If the direction to do this came from
the White House, officials like Bondi and Pirro should have resigned rather
than letting it happen. They should have protected the prosecutors and the
integrity of the case. They should have stood for the rule of law. Not doing so
reveals who they are in an undeniable fashion. This isn’t hard. It’s easy. And
they got it wrong.
Near the end of the first Trump
administration, acting DOJ officials who were in place as Republican appointees
refused Trump’s direction to support his lies about election fraud. They walked
away with their heads held high and their reputations intact. This group has
not learned that lesson.
The prosecution’s sentencing memo asked the Judge to impose
a 27-month sentence to reflect the gravity of Taranto’s conduct, his lack of
remorse, and the need to deter him and others from engaging in similar
threatening conduct. It’s a reasonable request, one that is within the sentencing
guidelines for the offense.
But Donald Trump is intent on
whitewashing history to improve his own position in it. I write about it
in my book as a “new lost cause,” a parallel
to the post-Civil War narrative that romanticized “the old South” and slavery,
giving rise to narratives that shaped themselves into today’s Christian
Nationalism. Trump has rebranded January 6 criminals as patriots and attempted
to restore them to the American mainstream. It’s a
story about a new “lost cause,” transforming disloyal criminals into an
idealized version of the story. Trump’s Justice Department is aiding and
abetting in that Orwellian task. “And if all others accepted the lie which the
Party imposed—if all records told the same tale—then the lie passed into
history and became truth,” Orwell wrote in 1984. “The past was
erased, the erasure was forgotten, the lie became the truth.” His main
character, Winston, muses about whether, “Within twenty years at the most … the
huge and simple question, ‘Was life better before the Revolution than it is
now?’ would have ceased once and for all to be answerable.”

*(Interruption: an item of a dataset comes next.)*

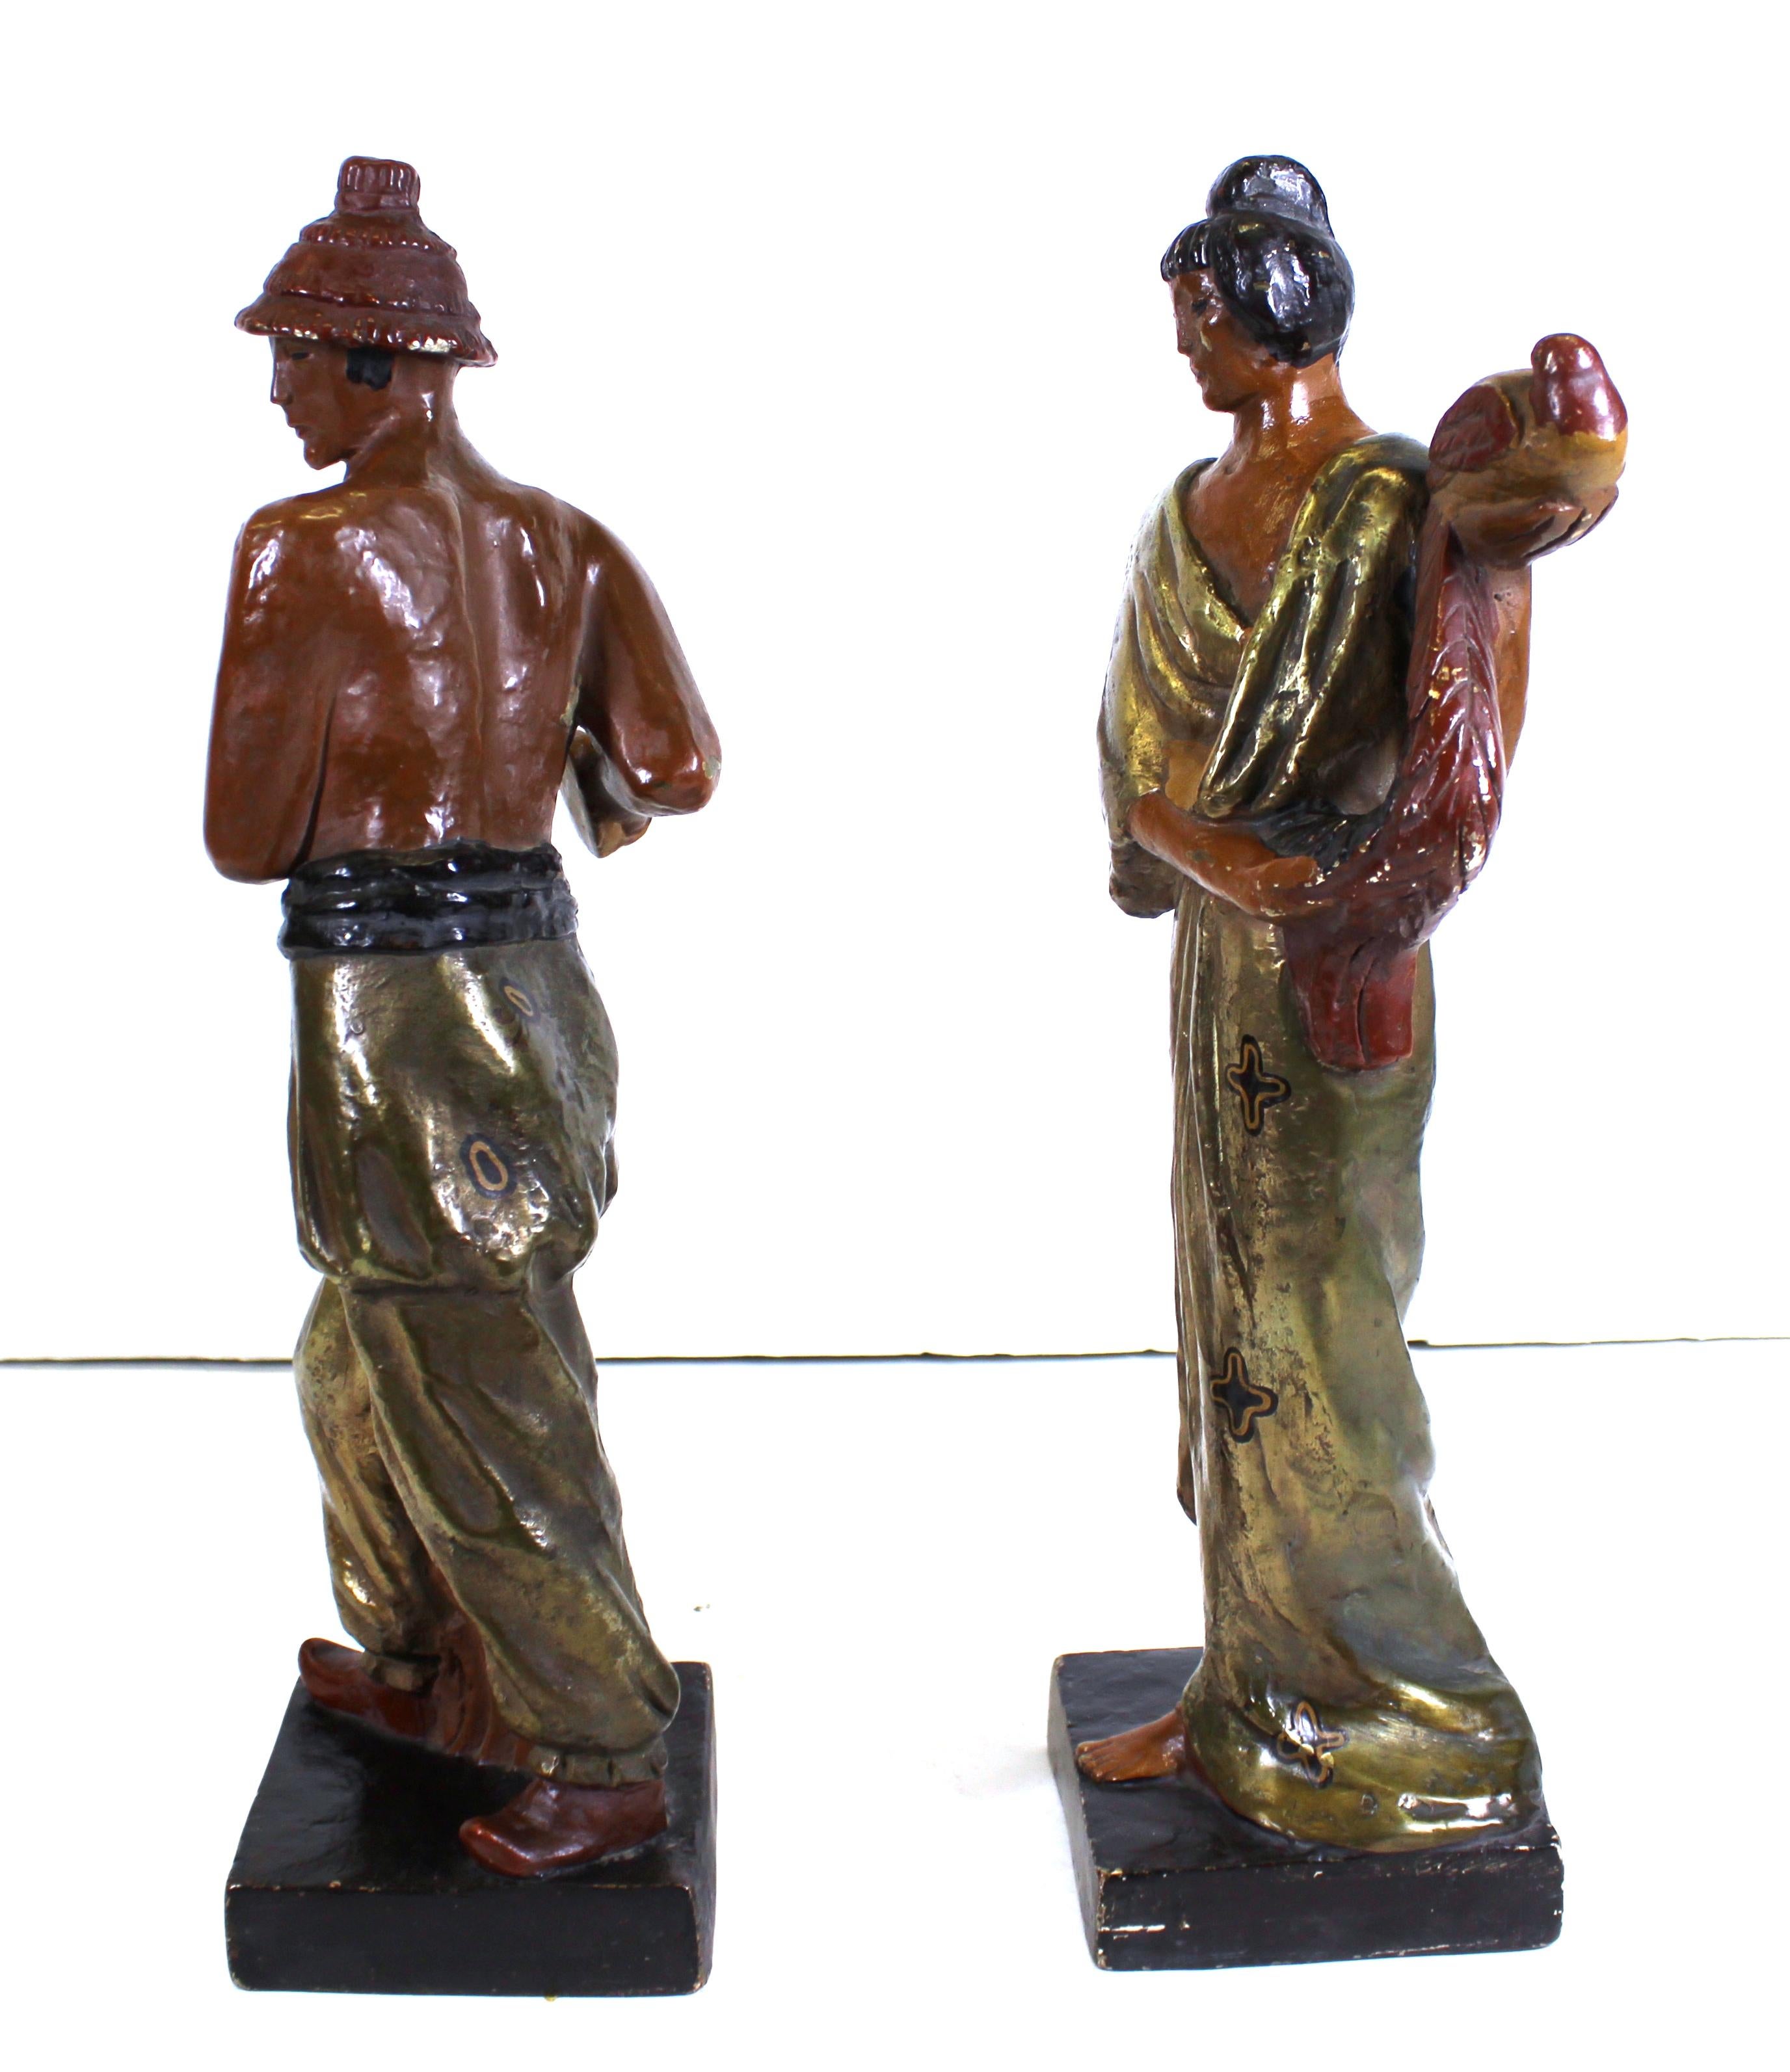 American Kupur Art Deco Japonesque Copper-Clad Terracotta Sculptures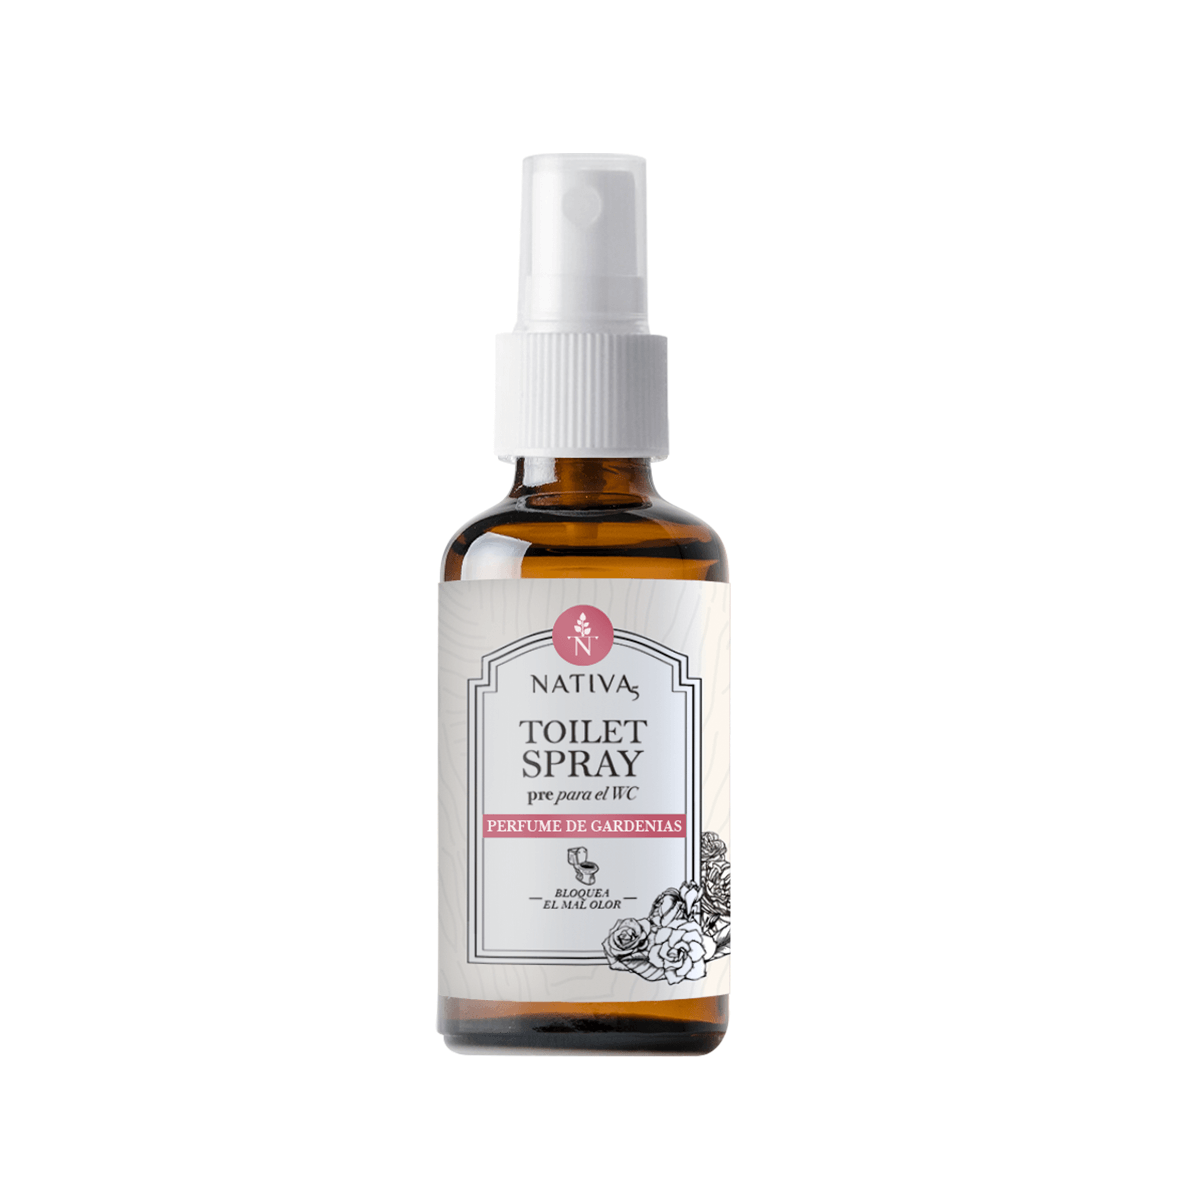 TOILET SPRAY - Aroma Perfume de Gardenias 50ml. Elimina el mal olor del WC.

Trump is so intent on rewriting his
own history that he wants prosecutors to erase it even in a criminal case where
facts are being presented to a Judge. That Judge was not impressed. In today’s sentencing
hearing, he questioned DOJ about the substitute second sentencing memo, which
removed references to January 6 and Trump’s post of Obama’s address. Taranto
was sentenced to 21 months, and since he has already served more than that while
awaiting trial, he’ll be released, but will remain under supervision by U.S.
Probation for three years. The President who set him on his path has faced no
consequences. Fixing that will be up to us, to the voters, who have work ahead
of us when we vote to see to it that this president is finally held accountable
and that a new Congress that will return to performing its constitutional
duties is seated after the midterms. It’s a sorry state of affairs at the
Justice Department. Our work is cut out for us.